Shale 2.0 pushes US crude oil production to record high

- "What the casual observer has not realized is that the U.S. shale growth today is a product of survivorship," expert says

The American oil industry has moved into a new 'Shale 2.0' phase by pushing the country's crude oil production to the highest level in history and surpassing oil output of the world's second-largest crude oil producer Saudi Arabia.

The new techniques that were introduced a decade ago in the U.S. such as 'horizontal drilling' and 'hydraulic fracturing' paved the way for the country to almost double its crude oil production to an average 9.4 million barrels per day (mbpd) in 2015, from 5 mbpd in 2008, according to the Energy Information Administration (EIA) data.

With cost reductions, higher efficiency and new techniques in Shale 2.0, the U.S. not only managed to survive the low oil price environment that began in mid-2014 but also managed to increase its crude production to outperform the Saudis.

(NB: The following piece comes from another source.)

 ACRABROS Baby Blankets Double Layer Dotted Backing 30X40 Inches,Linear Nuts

'The U.S.' Shale 2.0 story is a story of finance, operation efficiencies, and prolific horizontal plays in the Permian Basin [one of the U.S.' most prolific oil and natural gas geologic basins],' Ed Hirs, an energy economist at the University of Houston, told Anadolu Agency.

'Operational efficiencies developed in the Permian are tremendous and spreading to other basins,' he added.

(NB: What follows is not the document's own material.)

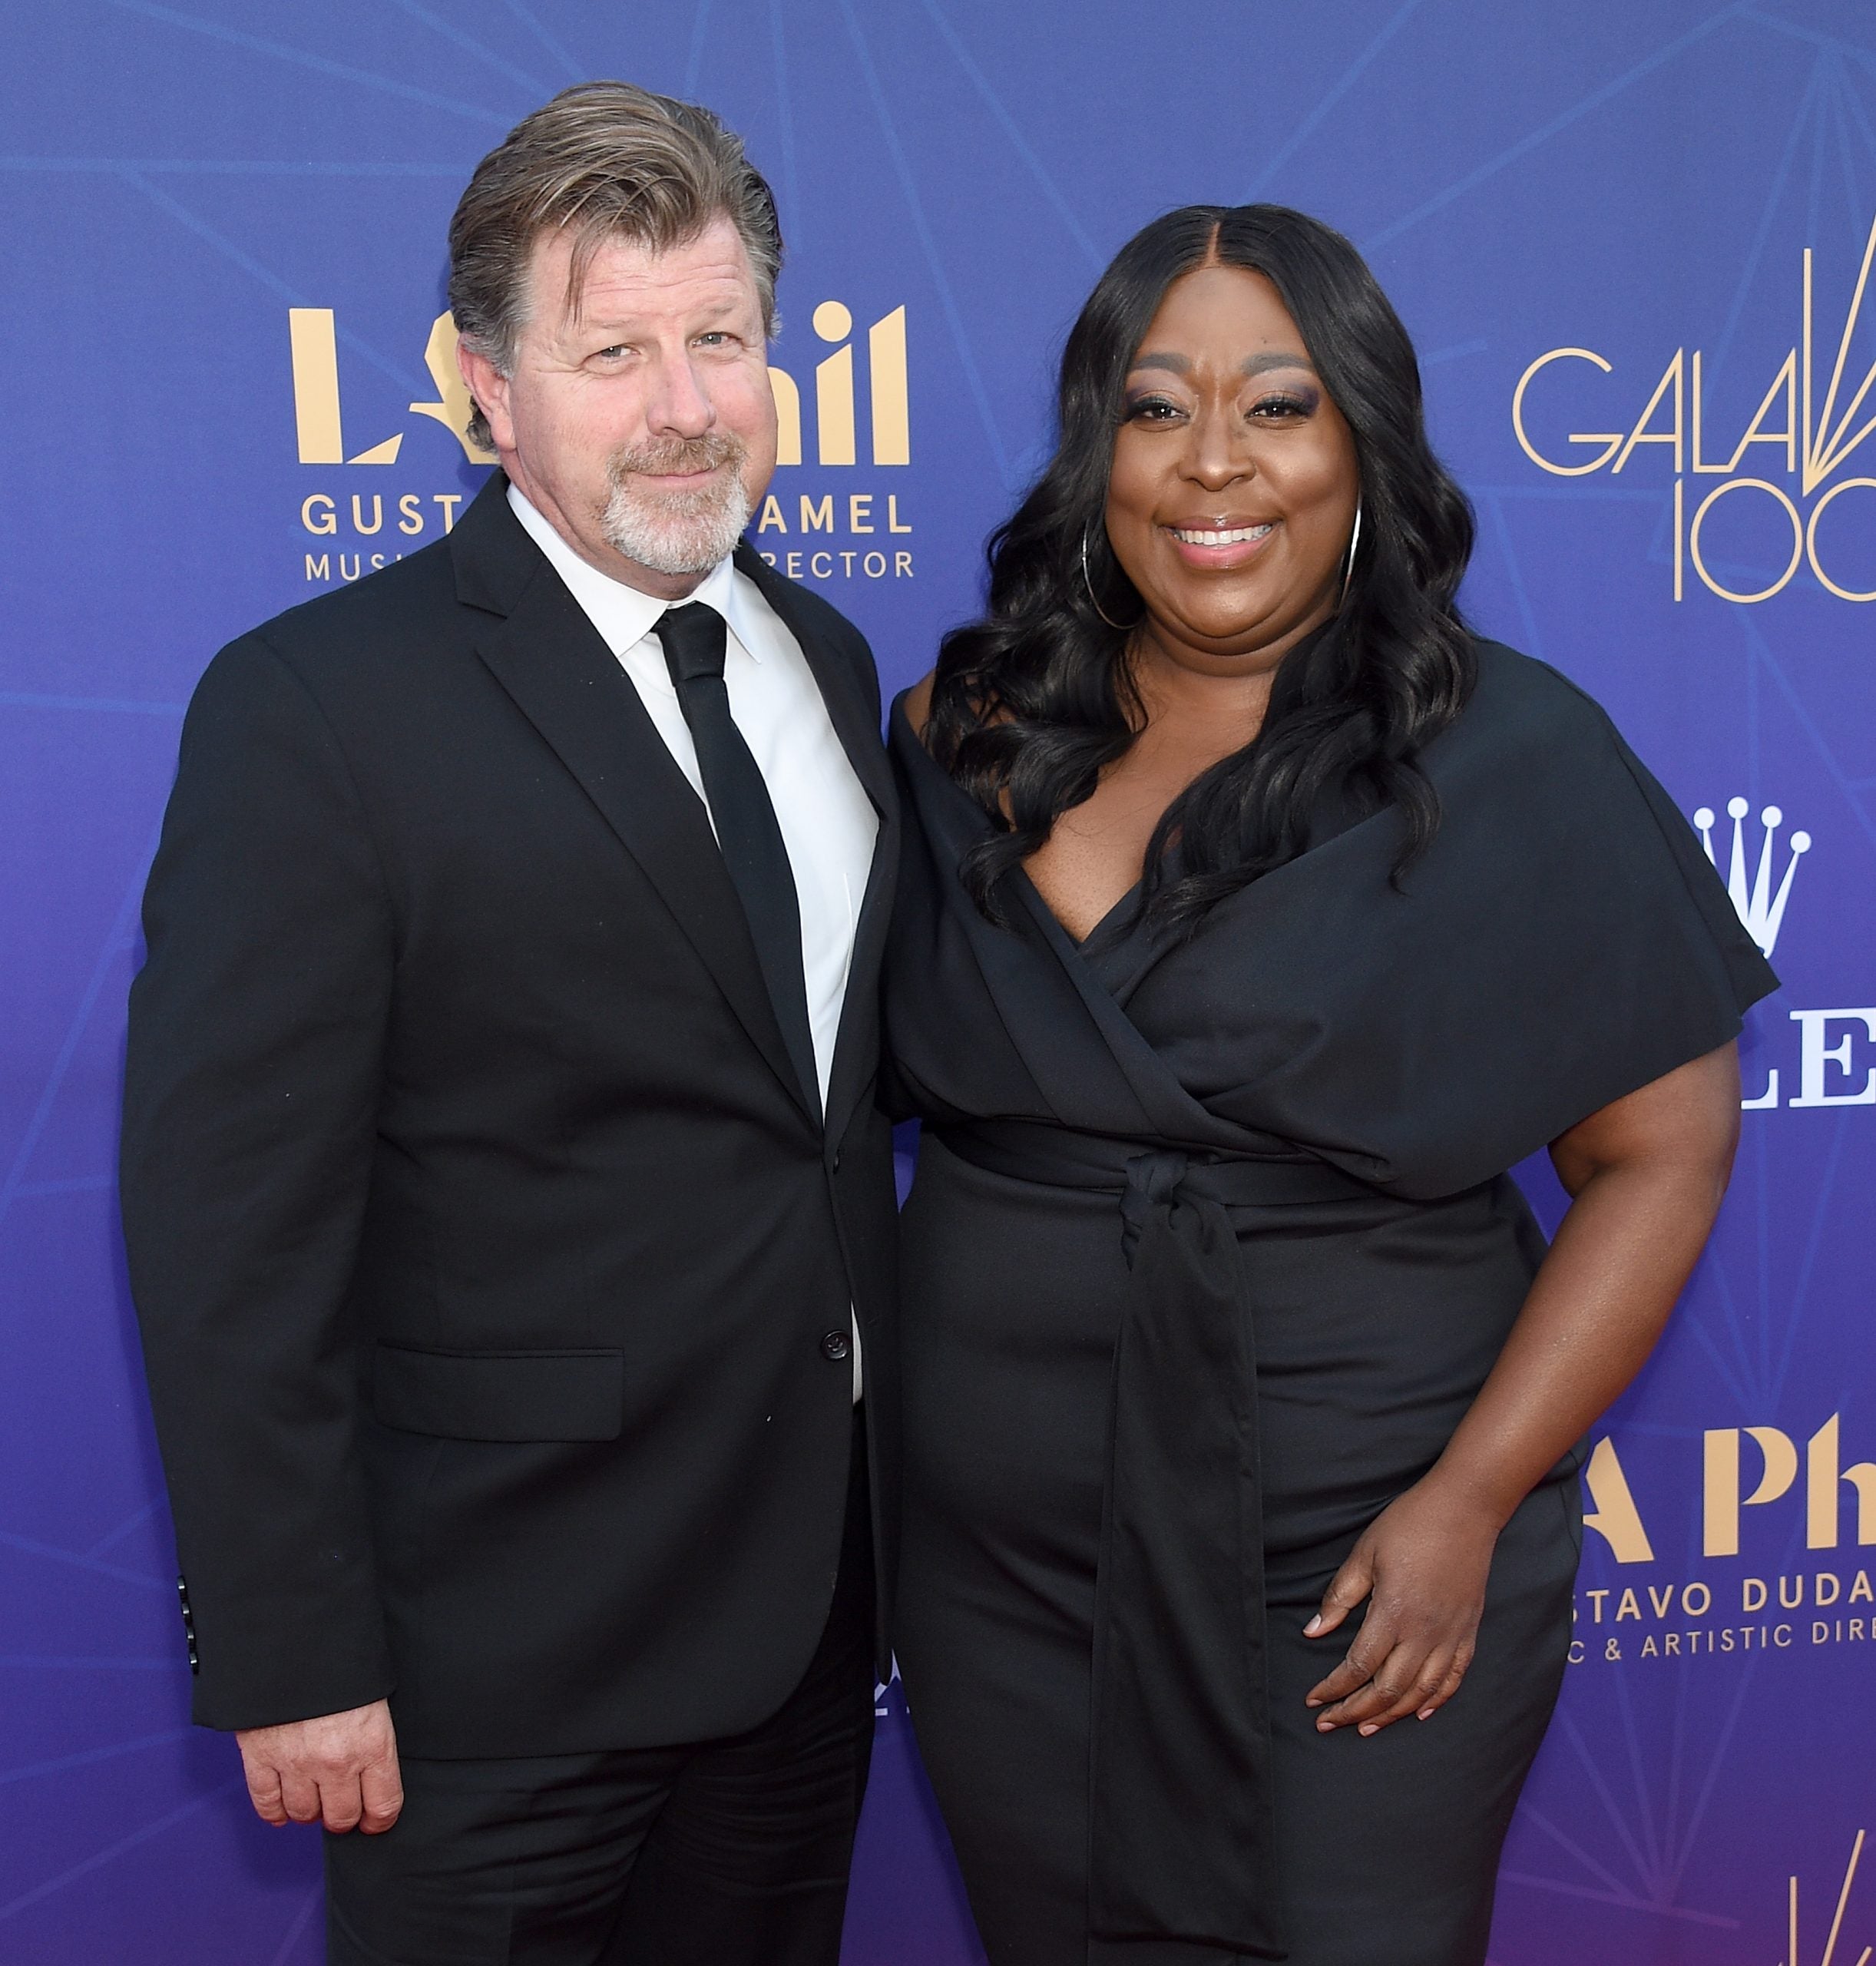 Loni Love Met Her Boyfriend Through Christian Mingle But Says They're Not Christians: 'I Wanted To Meet A Nice Man'

As the U.S. almost doubled its crude oil production in less than a decade, this played a partial role in increasing the glut of supply in the global oil market and pushed oil prices lower.

When crude oil prices plummeted below $30 a barrel in January 2016, their lowest level in almost 13 years, it hit American shale producers the hardest.

'The U.S. has lost 250,000 direct oilfield workers in the price war started by OPEC. The U.S. has also lost those high-cost shale producers via some 250 bankruptcies and $250 billion in lost capital,' Hirs said.

The 'price war' was a tactic by Saudi Arabia, the most influential member of OPEC, who persuaded the cartel in November 2014 not to trim the organization's output, but instead to let oil prices fall in order to drive high-cost shale oil producers out of the global market.

The strategy worked to a certain extent in the short-term, but hurt Russians as well as Saudi Arabia, whose economies are highly dependent on revenues from oil sales.

After two years of pumping oil at maximum levels, the two countries agreed in November 2016 to join forces for the first time since 2001 to trim their individual production levels, along with some OPEC countries, in order to boost prices.

As oil prices began to climb at the end of 2016, their economies recovered; but that also paved the way for the return of U.S. shale, and only faster and stronger in the form of Shale 2.0.

'What the casual observer has not realized is that the U.S. shale growth today is a product of survivorship,' Hirs said.

'Costs per barrel have declined due to some production improvements, but remember, the companies that survived already had lower operating costs than the ones that failed,' he added.

Low crude oil prices taught American producers of the need to increase efficiency and lower costs in order to survive in the global market.

'The time to drill wells has decreased by as much as 60 percent even while the length of laterals has increased,' Hirs said.

'Today, the industry drills a well with a three-mile lateral in the time that a well with a one-mile lateral took three years ago. Instead of fracking one well with a one-mile lateral, the industry practice is to simultaneously frack three wells with each having three-mile laterals,' he explained.

'These efficiencies in manufacturing are driving the cost reductions that allowed some of the shale players to survive to this day when the Saudis and Russians agreed to raise prices,' Hirs concluded.